Soba Noodles and Vegetables

Jen Hoy
  • Total: 11 mins
  • Prep: 5 mins
  • Cook: 6 mins
  • Yield: Serves 4-6
Nutritional Guidelines (per serving)
188 Calories
5g Fat
30g Carbs
5g Protein
See Full Nutritional Guidelines Hide Full Nutritional Guidelines
Nutrition Facts
Servings: Serves 4-6
Amount per serving
Calories 188
% Daily Value*
Total Fat 5g 7%
Saturated Fat 1g 4%
Cholesterol 0mg 0%
Sodium 578mg 25%
Total Carbohydrate 30g 11%
Dietary Fiber 4g 13%
Protein 5g
Calcium 34mg 3%
*The % Daily Value (DV) tells you how much a nutrient in a food serving contributes to a daily diet. 2,000 calories a day is used for general nutrition advice.
(Nutrition information is calculated using an ingredient database and should be considered an estimate.)

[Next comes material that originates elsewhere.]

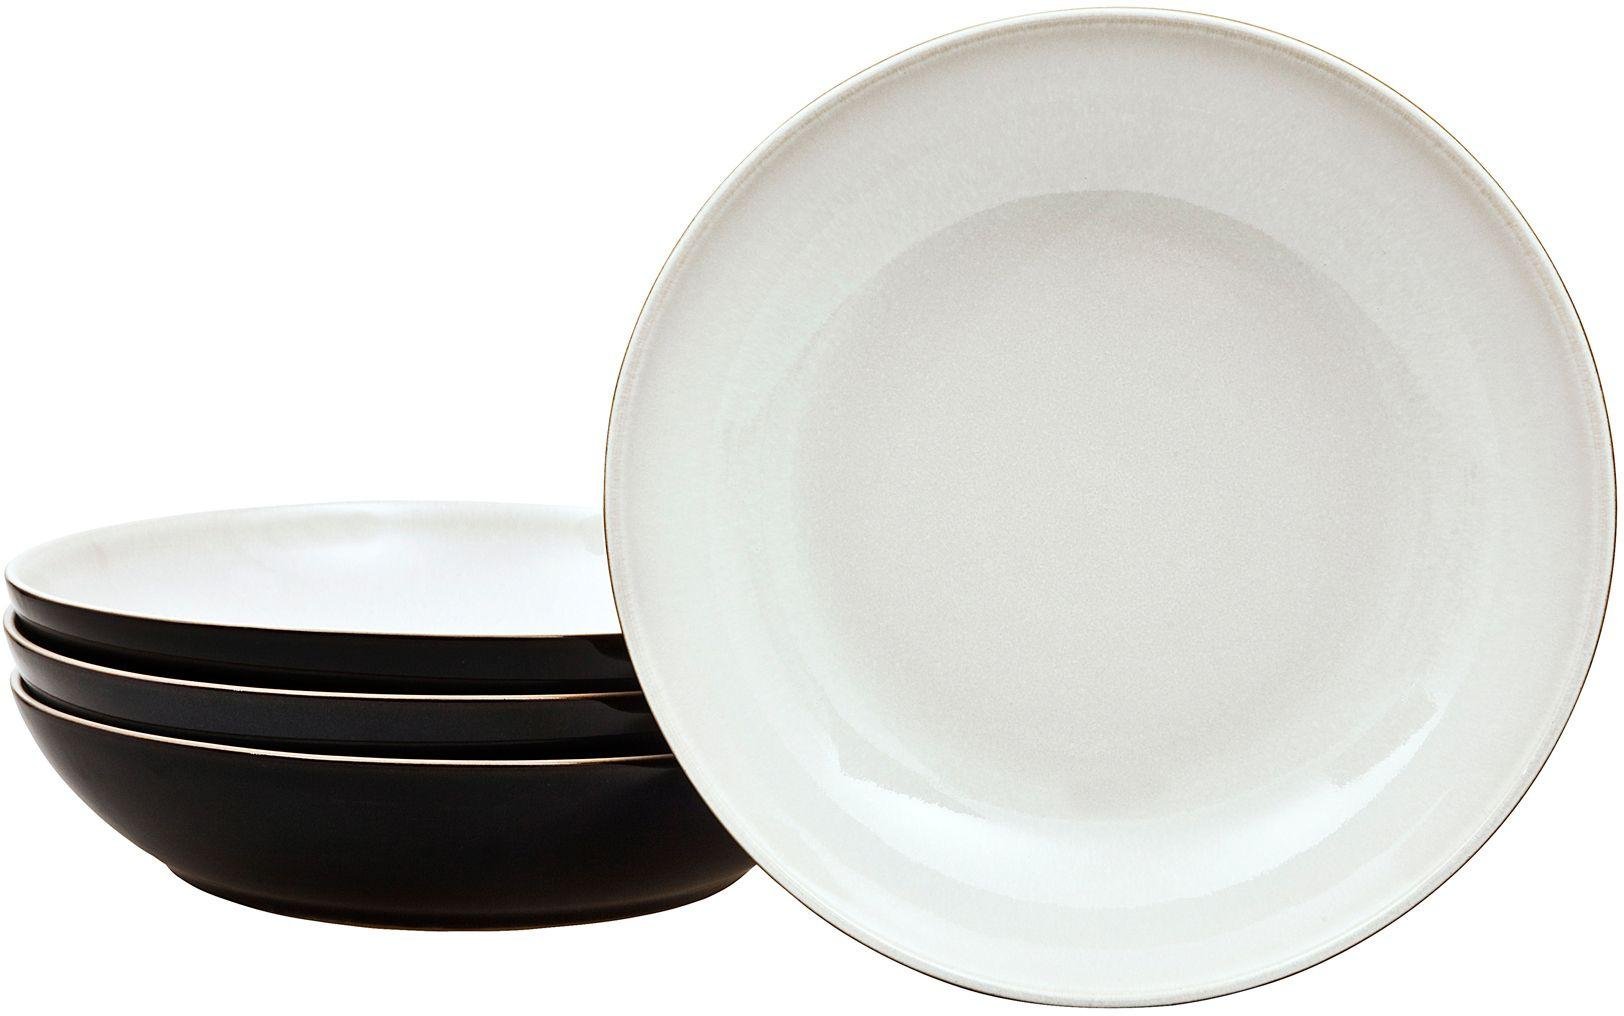 Denby Everyday Set of 4 Stoneware Pasta Bowls - Black Pepper
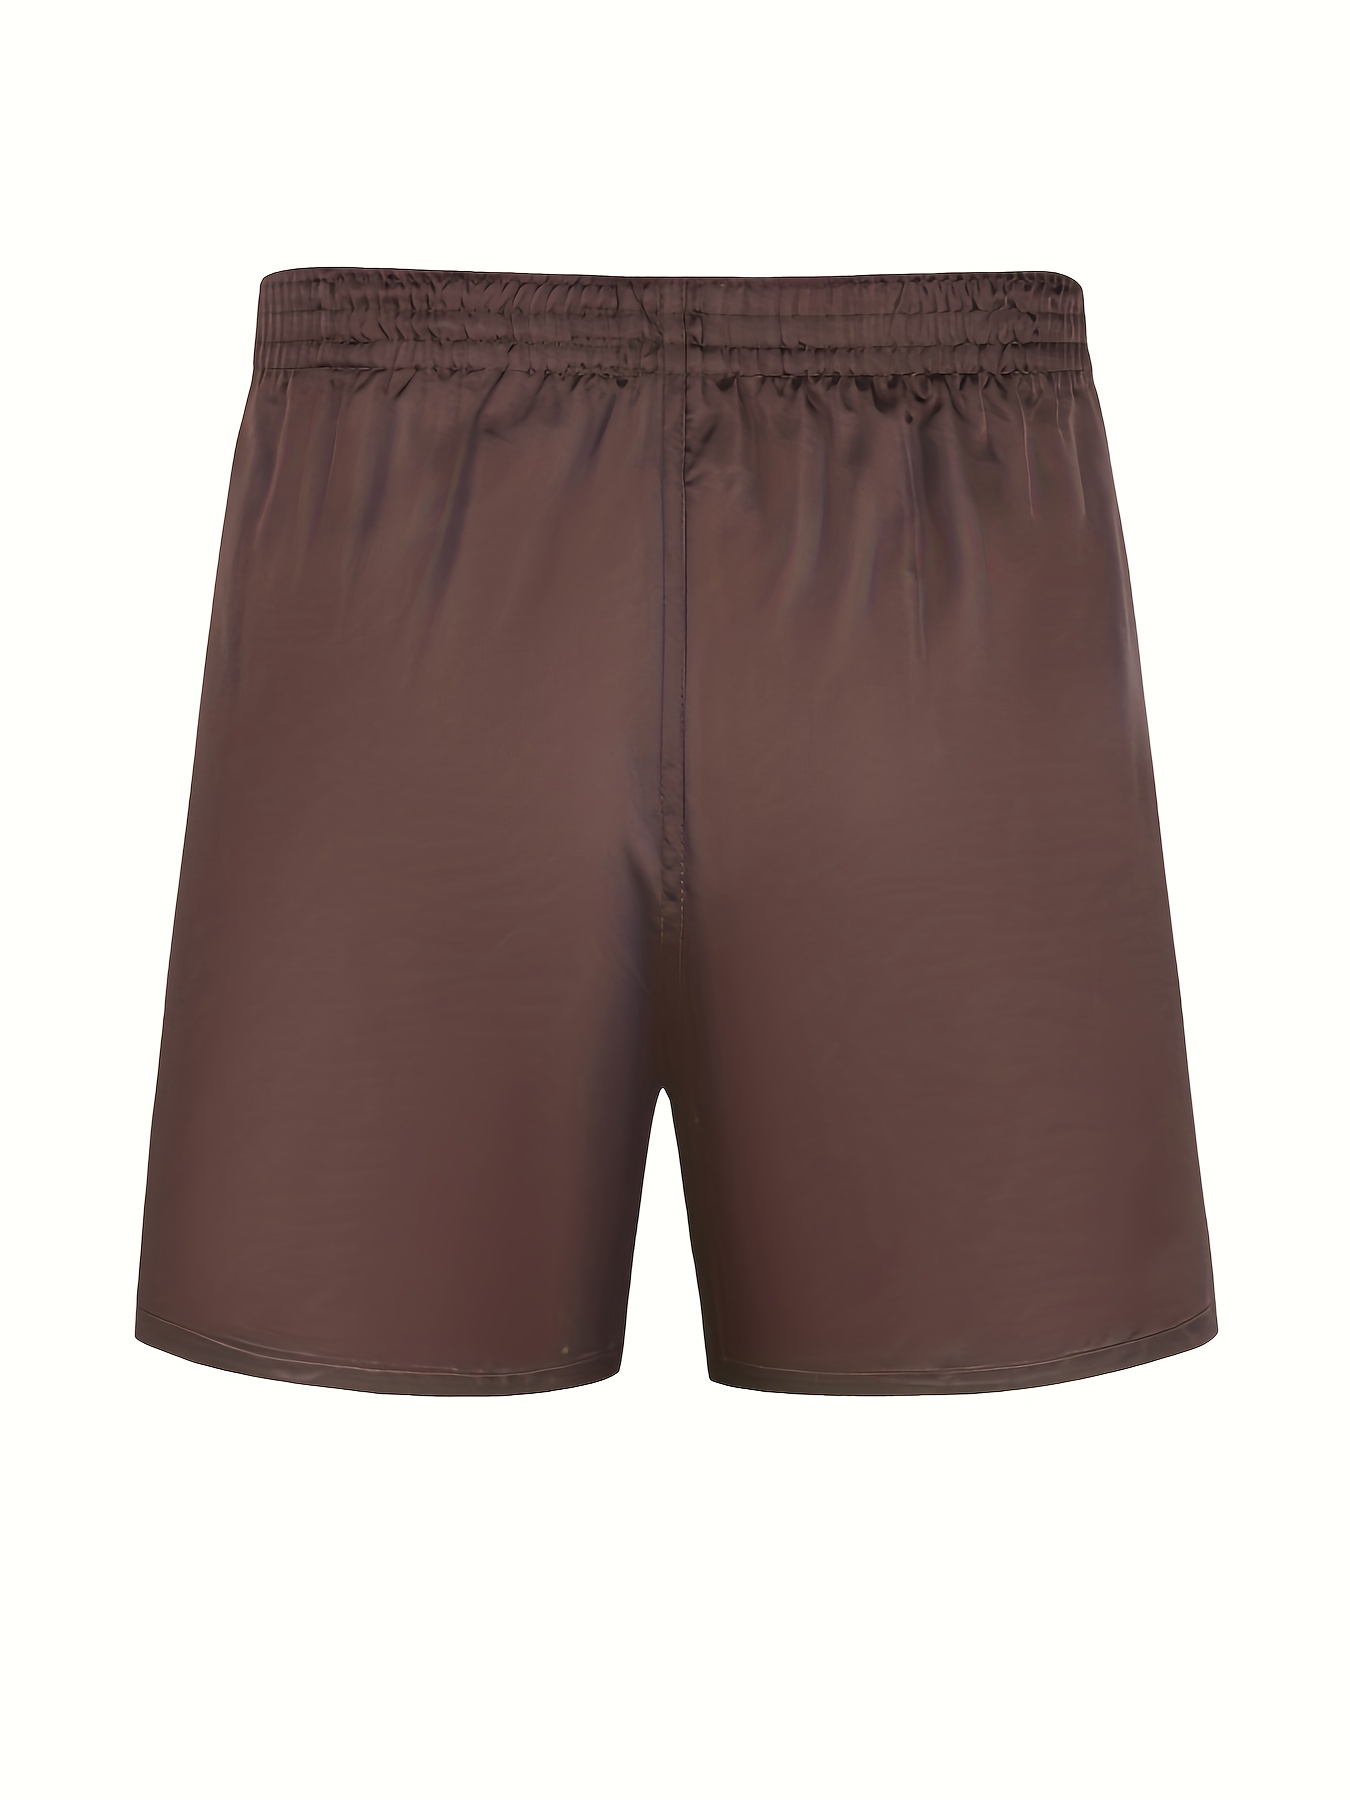 Buy Satin Shine Patch Boxer Shorts - Order Pajama Bottoms online

This simple soba noodle and vegetable recipe is nourishing for the kidneys and relaxing for the liver and gallbladder. It’s a great picnic dish, as it holds very well and is equally good whether hot, cold, or room temperature.


  • 1-8 ounce package soba noodles
  • 1 ½ cups sliced snow peas
  • 1 cup shredded or thinly sliced carrots
  • 1 cup peas
  • 1 tablespoon toasted sesame oil
  • 1 tablespoon grated fresh ginger root (optional)
  • 1 tablespoon tamari
  • 1 teaspoon brown rice vinegar
  • 1 Scallion, green part only, chopped fine
  • 1 tablespoon black sesame seeds

Steps to Make It

  1. Prepare soba noodles according to package directions. One minute before they are ready, add the vegetables, and finish cooking.

  2. Drain soba noodles and set aside, (or if preparing ahead of time, shock the noodles with cold water to stop the cooking process).

  3. Warm the sesame oil and ginger, and cook for one minute.

  4. Add the noodles, tamari and vinegar, toss well, and top with sesame seeds and scallion to serve.